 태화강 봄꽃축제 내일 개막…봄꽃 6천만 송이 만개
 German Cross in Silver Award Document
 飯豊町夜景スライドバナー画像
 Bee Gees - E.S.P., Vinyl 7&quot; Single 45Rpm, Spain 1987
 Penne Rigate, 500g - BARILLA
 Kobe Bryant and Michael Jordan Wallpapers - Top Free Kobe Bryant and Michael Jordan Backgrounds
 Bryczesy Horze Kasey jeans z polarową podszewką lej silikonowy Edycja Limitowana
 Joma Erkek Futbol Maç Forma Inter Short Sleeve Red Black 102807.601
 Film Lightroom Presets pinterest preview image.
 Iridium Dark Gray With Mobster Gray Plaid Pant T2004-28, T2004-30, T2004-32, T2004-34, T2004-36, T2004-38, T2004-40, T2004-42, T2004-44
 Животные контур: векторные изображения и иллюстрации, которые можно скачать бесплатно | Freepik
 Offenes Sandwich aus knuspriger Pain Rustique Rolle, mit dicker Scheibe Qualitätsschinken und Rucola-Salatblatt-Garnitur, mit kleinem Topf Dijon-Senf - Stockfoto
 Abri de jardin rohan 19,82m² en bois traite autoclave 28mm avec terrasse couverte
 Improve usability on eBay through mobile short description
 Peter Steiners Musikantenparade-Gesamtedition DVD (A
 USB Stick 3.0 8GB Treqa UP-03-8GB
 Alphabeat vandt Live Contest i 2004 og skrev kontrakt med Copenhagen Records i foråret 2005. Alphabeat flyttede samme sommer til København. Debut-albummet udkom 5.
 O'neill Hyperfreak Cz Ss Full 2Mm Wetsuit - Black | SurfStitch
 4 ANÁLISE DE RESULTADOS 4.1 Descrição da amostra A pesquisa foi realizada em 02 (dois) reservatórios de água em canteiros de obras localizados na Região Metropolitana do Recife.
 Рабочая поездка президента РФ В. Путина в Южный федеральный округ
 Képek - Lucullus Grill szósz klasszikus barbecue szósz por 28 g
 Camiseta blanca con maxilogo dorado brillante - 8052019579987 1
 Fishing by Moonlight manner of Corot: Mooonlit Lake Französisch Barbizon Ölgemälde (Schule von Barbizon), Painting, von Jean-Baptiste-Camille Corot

TASK PROMPT: Could you set down, word for word, only the lines above from the line with "German Cross in Silver Award Document" to the line with "Alphabeat vandt Live", including both?

EXERCISE RESPONSE:
 German Cross in Silver Award Document
 飯豊町夜景スライドバナー画像
 Bee Gees - E.S.P., Vinyl 7&quot; Single 45Rpm, Spain 1987
 Penne Rigate, 500g - BARILLA
 Kobe Bryant and Michael Jordan Wallpapers - Top Free Kobe Bryant and Michael Jordan Backgrounds
 Bryczesy Horze Kasey jeans z polarową podszewką lej silikonowy Edycja Limitowana
 Joma Erkek Futbol Maç Forma Inter Short Sleeve Red Black 102807.601
 Film Lightroom Presets pinterest preview image.
 Iridium Dark Gray With Mobster Gray Plaid Pant T2004-28, T2004-30, T2004-32, T2004-34, T2004-36, T2004-38, T2004-40, T2004-42, T2004-44
 Животные контур: векторные изображения и иллюстрации, которые можно скачать бесплатно | Freepik
 Offenes Sandwich aus knuspriger Pain Rustique Rolle, mit dicker Scheibe Qualitätsschinken und Rucola-Salatblatt-Garnitur, mit kleinem Topf Dijon-Senf - Stockfoto
 Abri de jardin rohan 19,82m² en bois traite autoclave 28mm avec terrasse couverte
 Improve usability on eBay through mobile short description
 Peter Steiners Musikantenparade-Gesamtedition DVD (A
 USB Stick 3.0 8GB Treqa UP-03-8GB
 Alphabeat vandt Live Contest i 2004 og skrev kontrakt med Copenhagen Records i foråret 2005. Alphabeat flyttede samme sommer til København. Debut-albummet udkom 5.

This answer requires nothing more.